A perspectiva de produzir os próprios alevinos deve ser considerada pelos piscicultores. Com uma pequena área de viveiros e pouquíssima mão-de-obra, o piscicultor poderá produzir grandes quantidades de alevinos revertidos, com índices de reversão acima de 99%, utilizando estratégias simples de reprodução e reversão sexual, sem necessitar de sistemas de incubação de ovos e de outras estruturas mais complexas que exigem maiores investimentos. Pisciculturas pequenas como as do oeste paranaense podem se unir nesta empreitada. Os próprios frigoríficos poderiam dar uma mão nisso e colher os frutos juntos. Os custos de produção de alevinos revertidos com tamanho entre 5 a 7cm ficarão entre R$ 8,00 e R$ 15,00 o milheiro. Isto poderá resultar em uma economia para piscicultor, na compra que não precisou ser realizada e no momento da venda do peixe.

Veja a comparação no QUADRO 5: consideremos um piscicultor que utiliza 200 mil alevinos ao ano e comprava os mesmos a R$ 45,00 o milheiro. Com a produção própria, ele poderá economizar, pelo menos, R$ 6.000,00 já de início. Se destes 200 mil alevinos, 70% for recuperado na forma de peixes de 500g, o produtor produzirá 70.000 quilos de tilápia. A cada quilo de tilápia produzida ele economizará mais R$ 0,09 (R$0,13 – R$0,04 = R$0,09; ver QUADRO 5 para sobrevivência de 70%). Assim, a economia no peixe produzido seria mais R$ 6.300,00. Somando estas economias, temos R$ 12.300,00, ou seja, pouco mais de R$ 1.000,00 por mês. Vale a pena ou não? Não tenho dúvidas de que a produção própria de alevinos é uma boa alternativa para os produtores neste momento de preços apertados. Muitos já rumaram neste caminho.

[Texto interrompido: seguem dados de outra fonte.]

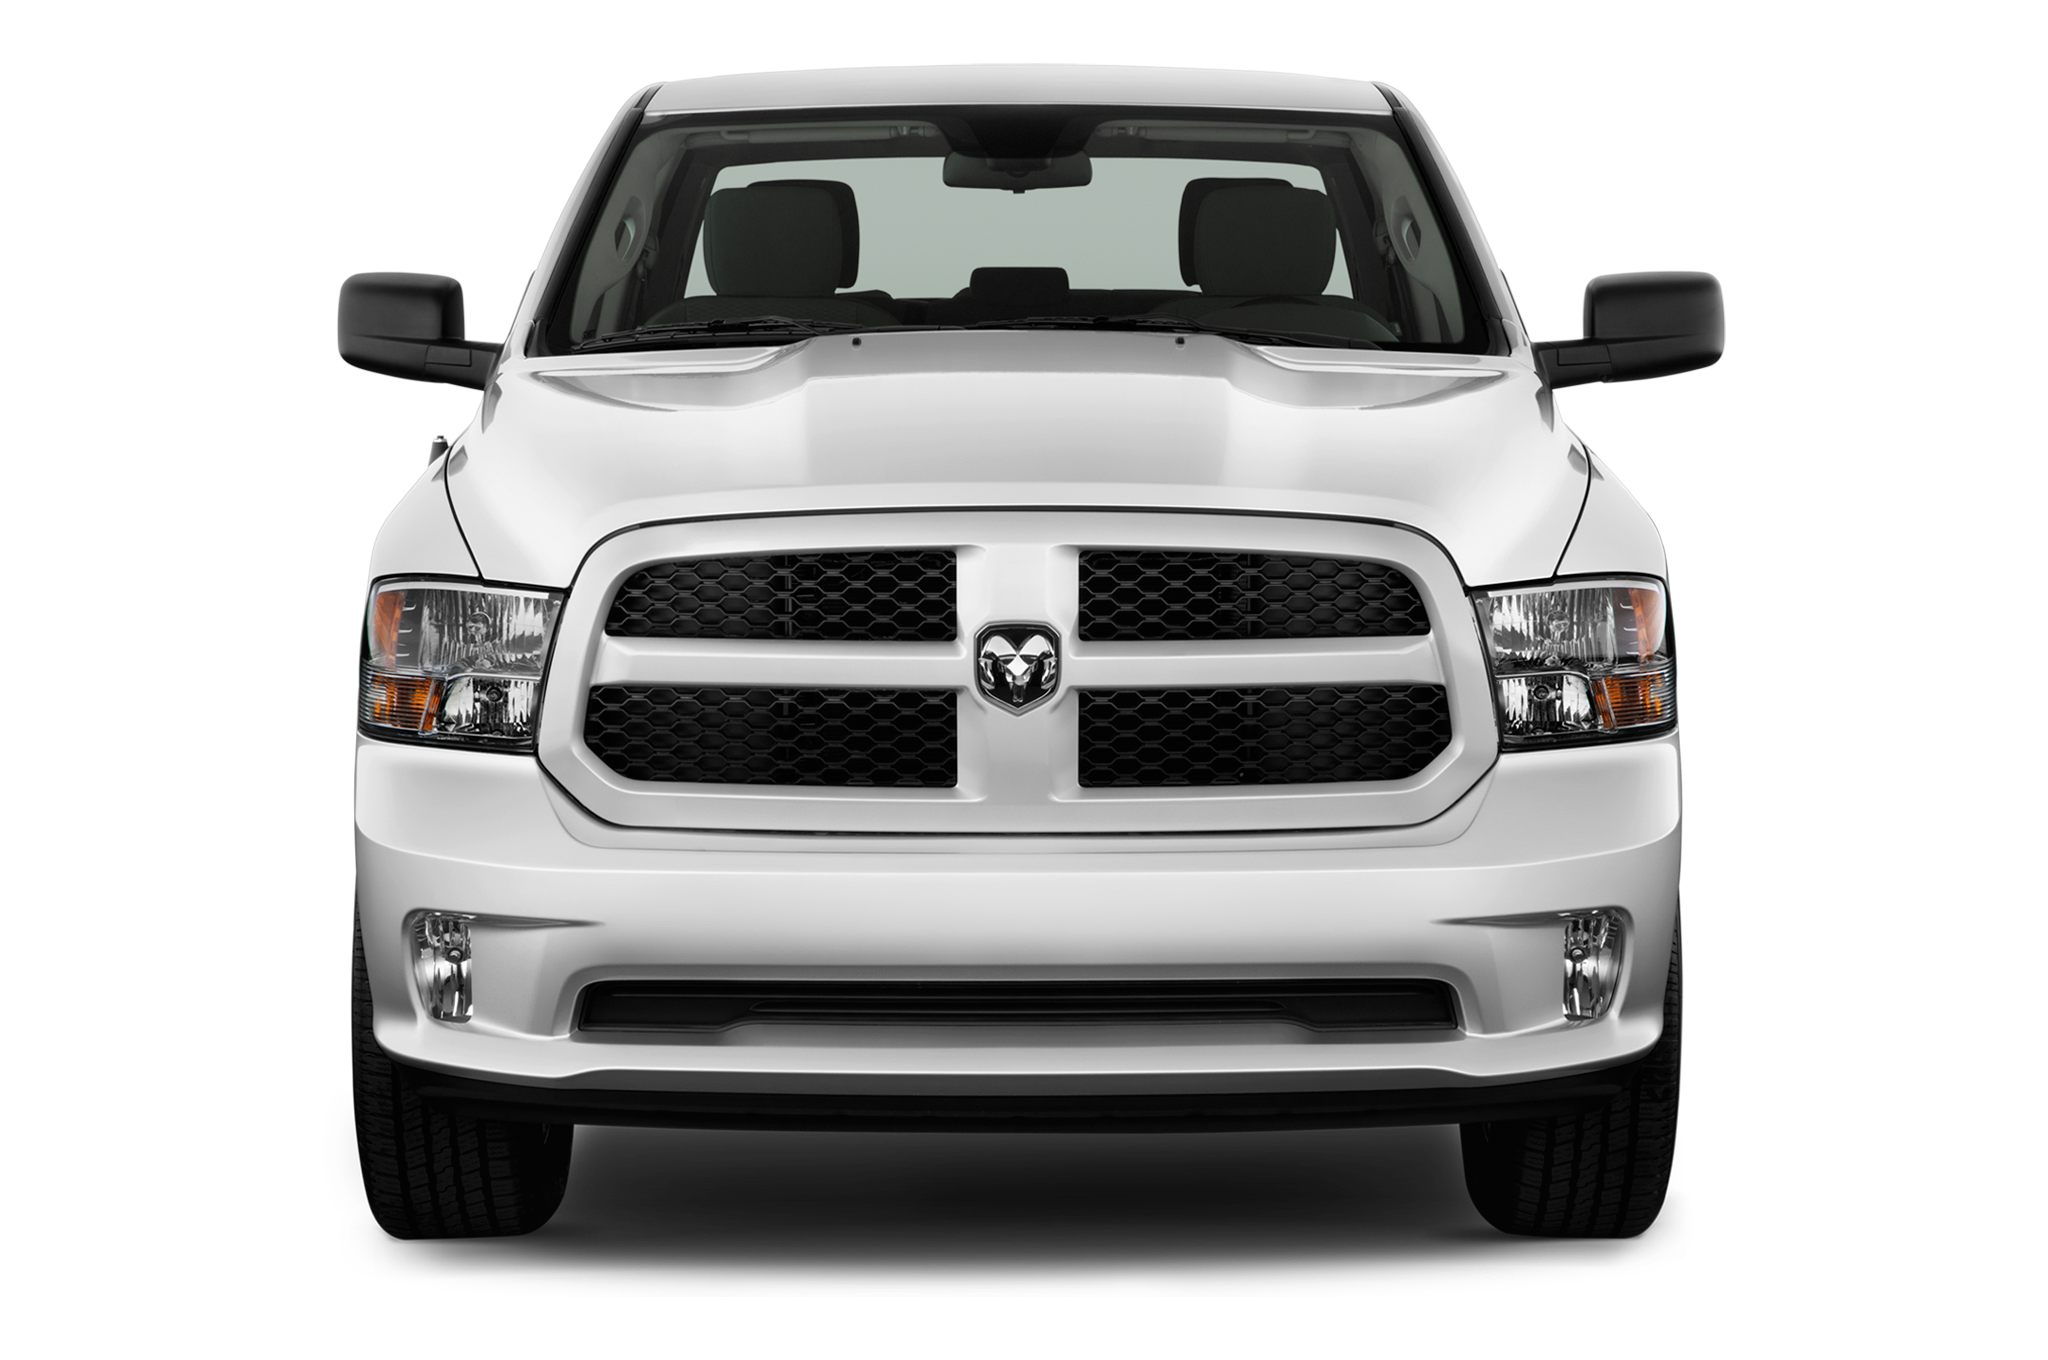 Factory Navigation Options Bullet Audio Sunroof Leather 2014 Dodge Ram 1500 Radio 2013 17 Oem 84 Nav Satellite And Uconnect Upgradeany

No entanto, o processo exige dedicação, conhecimento das estratégias de reprodução e reversão sexual e um mínimo de organização e controle. Nada impossível a qualquer produtor bem orientado e informado.

Considerações finais

Mais uma vez reforço a recomendação aos produtores, administradores de frigoríficos e profissionais envolvidos ou interessados na produção de tilápias, para que leiam (e releiam) e reflitam sobre as questões discutidas nas matérias publicadas nas edições 65 e 66 desta revista. As referidas matérias tratam da crise de preços, das dificuldades de comercialização, dos custos de produção, da boa nova SADIA e de algumas alternativas para a tilapicultura industrial deslanchar em nosso país. Este artigo, foi um complemento técnico dedicado a discutir mais alternativas para manter os produtores firmes na atividade, mesmo diante do aumento nos custos dos principais insumos e da manutenção (há muito tempo) de uma vergonhosa política de preços. Enquanto a indústria ainda não consegue promover de forma adequada o valor destes produtos, os piscicultores vão ter que continuar tirando o leite da pedra para dar mais uma oportunidade ao setor. Muitos vão ficar pelo caminho, mas haverá bons frutos àqueles que se dispuserem a reestruturar suas estratégias de produção e a enfrentar mais este desafio, produzindo peixes com qualidade diferenciada e que saem da vala comum da maioria dos pescados hoje ofertados em nosso País. Não tarda e os produtos da tilápia vão encontrar empresários e consumidores capazes de reconhecer e pagar o seu real valor.